Does your network have KRACKs?

On October 16, 2017, Belgian security researchers made public their findings that demonstrated fundamental design flaws in WPA2 that could lead to man-in-the-middle (MITM) attacks on wireless networks.

Named KRACKs, or key reinstallation attacks, this technique can theoretically be used by attackers to steal sensitive information from unsuspecting wireless users leveraging these flaws in the WiFi standard. Based on their research, CERT issued a series of CVEs to address this flaw, and most vendors affected have issued patches as of this writing.

We have evaluated our most common vendors for WiFi hardware including SonicWall, Aruba and Aerohive. All three vendors have verified they are not vulnerable or have issued patches.

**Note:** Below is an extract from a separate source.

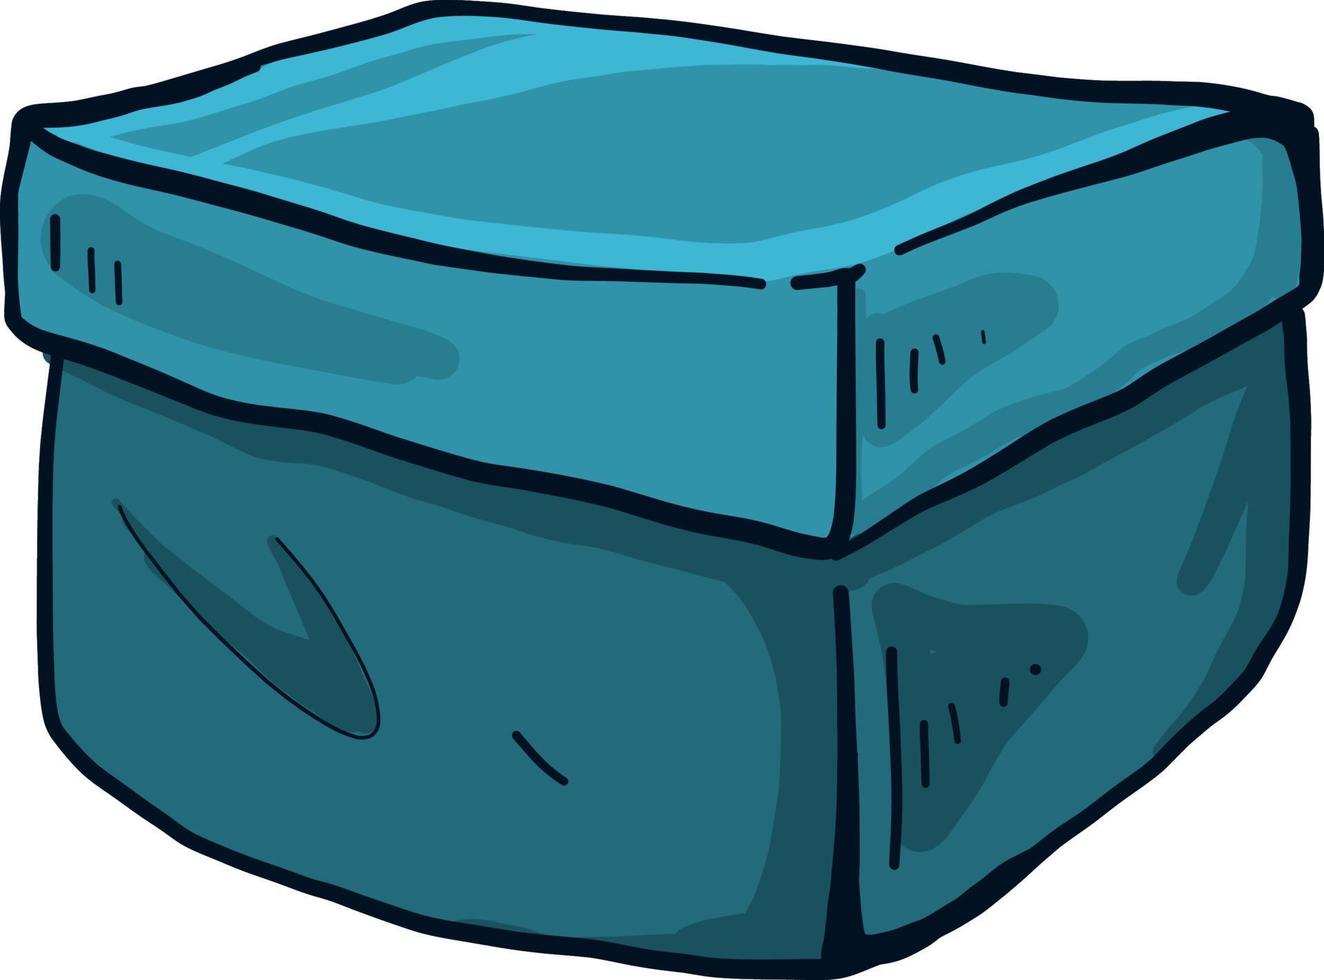 gran caja azul, ilustración, vector sobre fondo blanco.

Specifically, SonicWall has determined their implementation was never vulnerable. Aruba and Aerohive have offered a patch and explained that only devices used as mesh points were vulnerable. With that said, it should be considered an extremely high priority to patch any and all access points.

Patch all of your WiFi clients, whether Windows, Linux, Android, iOS or Mac OS based, with the latest KRACK updates from your client vendors. The attack is launched by compromising the wireless device, not the wireless router, so that is the most important area to focus on when you go about patching.

This exploit highlights the importance of having commercial grade network hardware for any business location. Many consumer-level devices have not been patched and may never get patched while the commercial grade manufacturers have made it a top priority.